The moral evaluation of suicide is often problematic since different arguments, drawing on the moral principles of autonomy and welfare, must be weighed against each other. Impairments of this evaluation process, as can be given by mental illness (“inner coercion”) and by external coercion (basically calling the classiﬁcation of the behavior as suicide into question), may qualify the suicide decision as irrational. Such a nonrational suicide can expect to be prevented according to social arguments drawing on the moral principle of welfare with or without external restraint (strong versus weak paternalism). A fully rational suicide is principally impossible (justiﬁed belief is neither possible regarding one’s future nor regarding one’s condition after this life).
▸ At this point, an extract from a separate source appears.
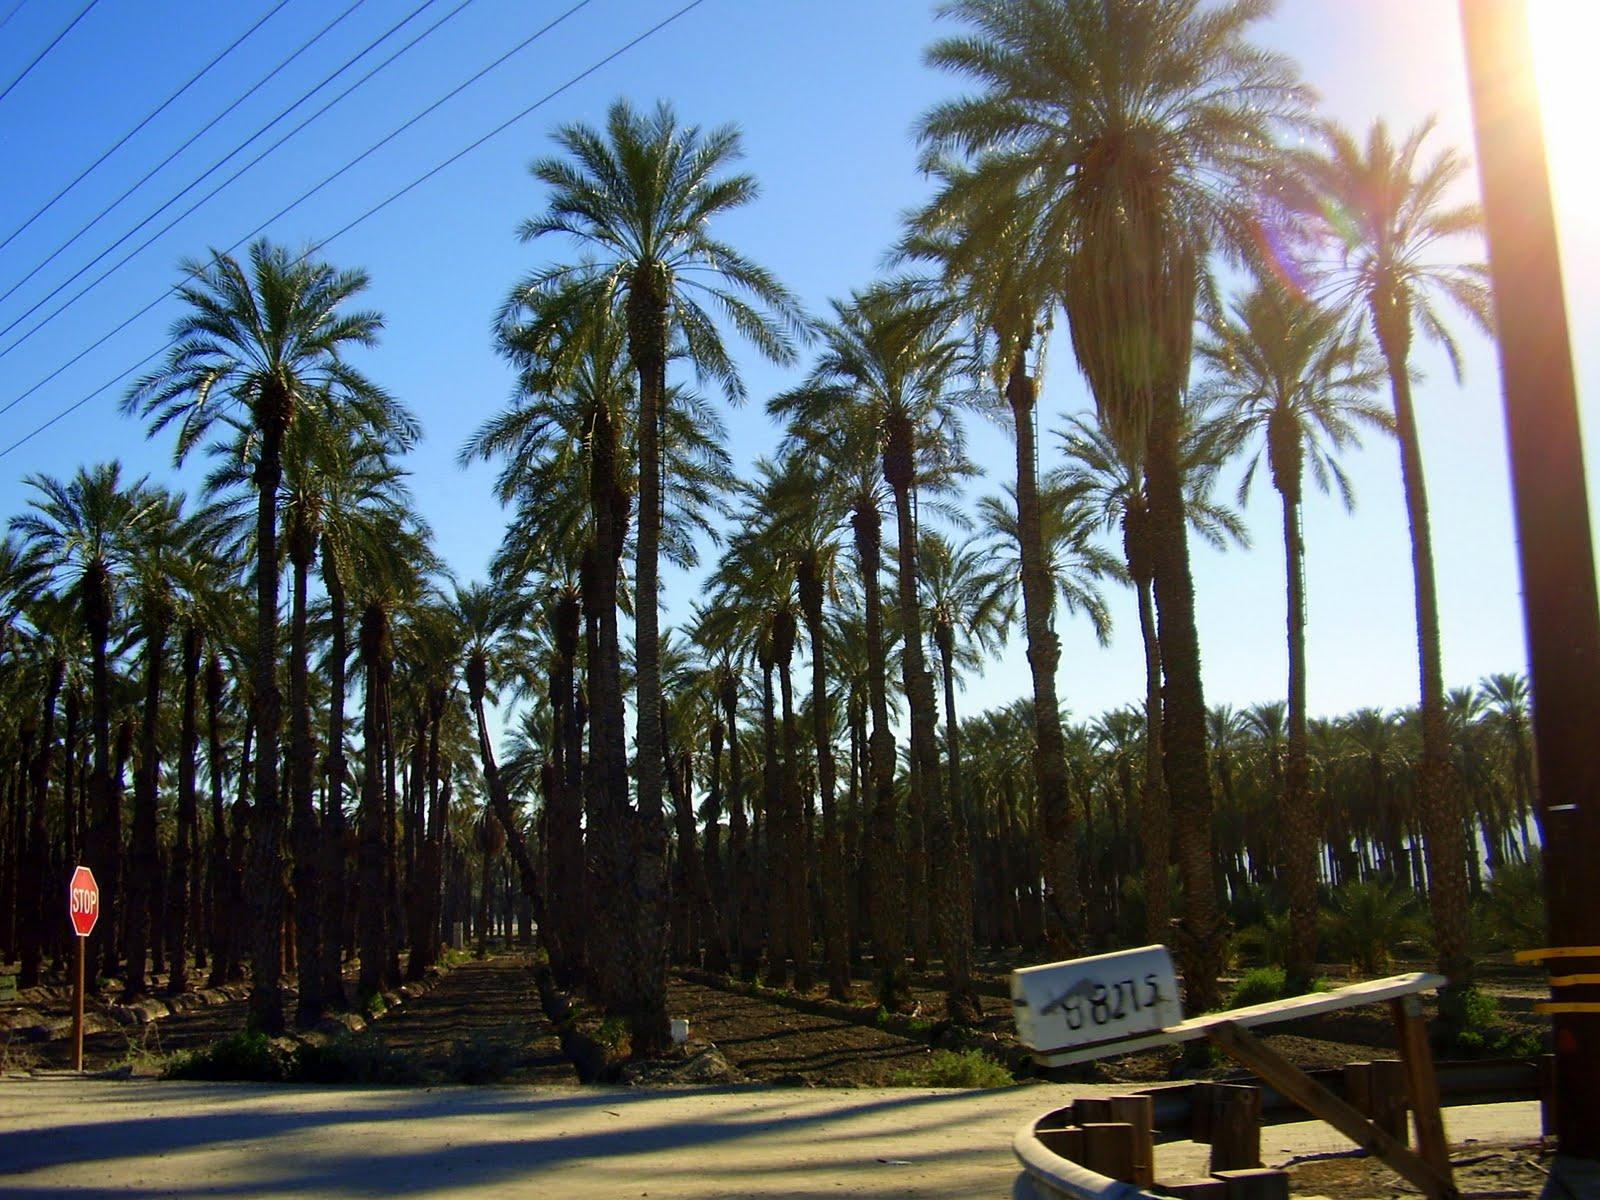 Jupiters Travels W Bmw Agua Caliente Palm Springs Via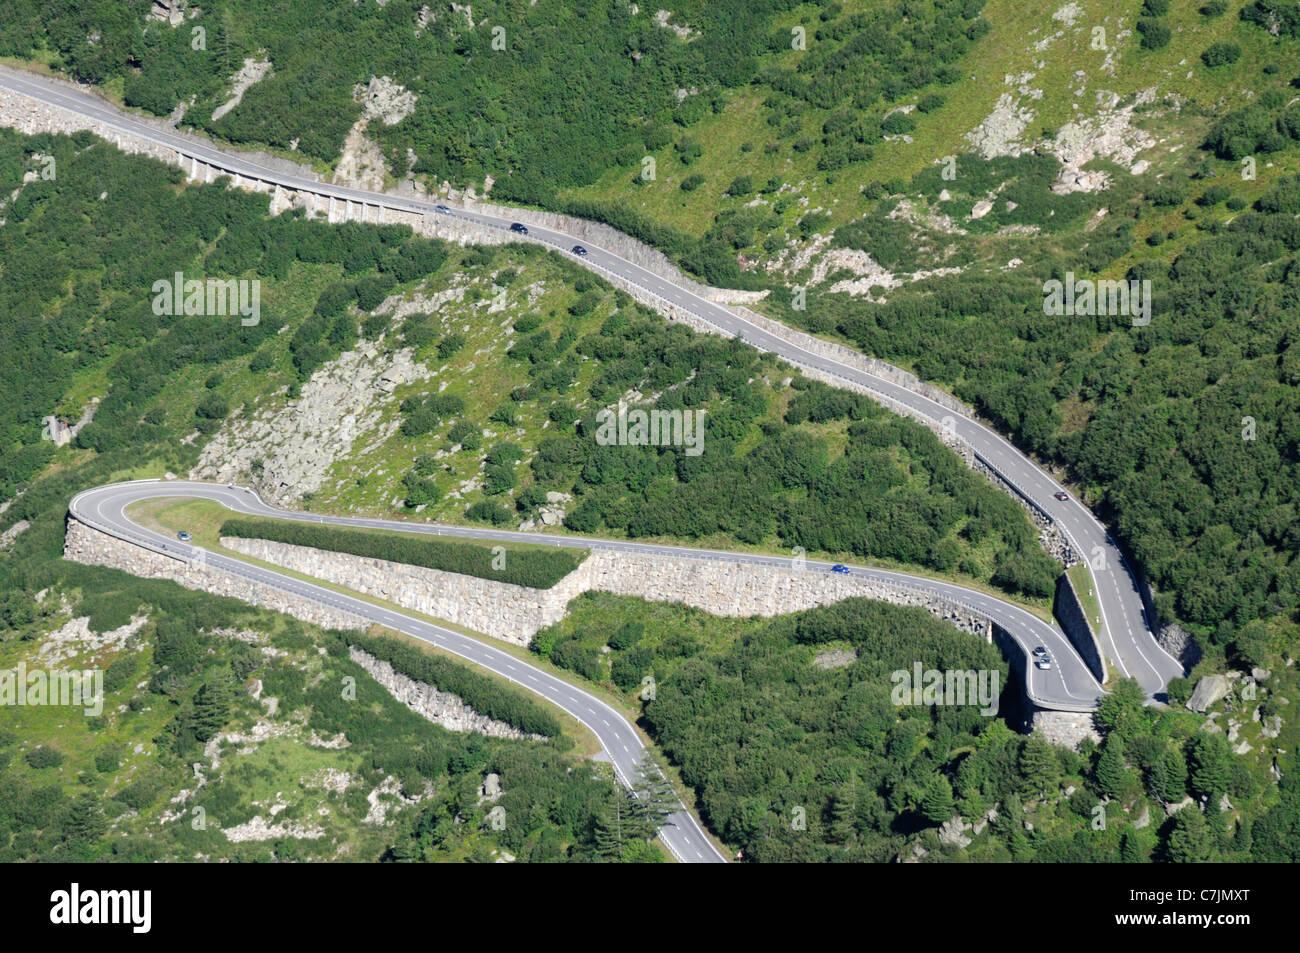 Switzerland, Furkapass nr. Gletsch. South-western ascent of the Furka mountain road from Gletsch. - Stock Image

Nonetheless, an authentic suicide displaying a rational justiﬁcation (as rational as possible) can be given. Such a suicide can expect noninterference (strong paternalism) or even assistance (weak paternalism). However, since the arguments and values involved in the evaluation process are chieﬂy depending on the involved persons’ assessments and dearest interests, the evaluation of a single suicide is individual and cultureand community-dependent. Hence evaluations can face a moral dilemma, implying that a “right” solution might not be found or not be agreed on in the relevant community.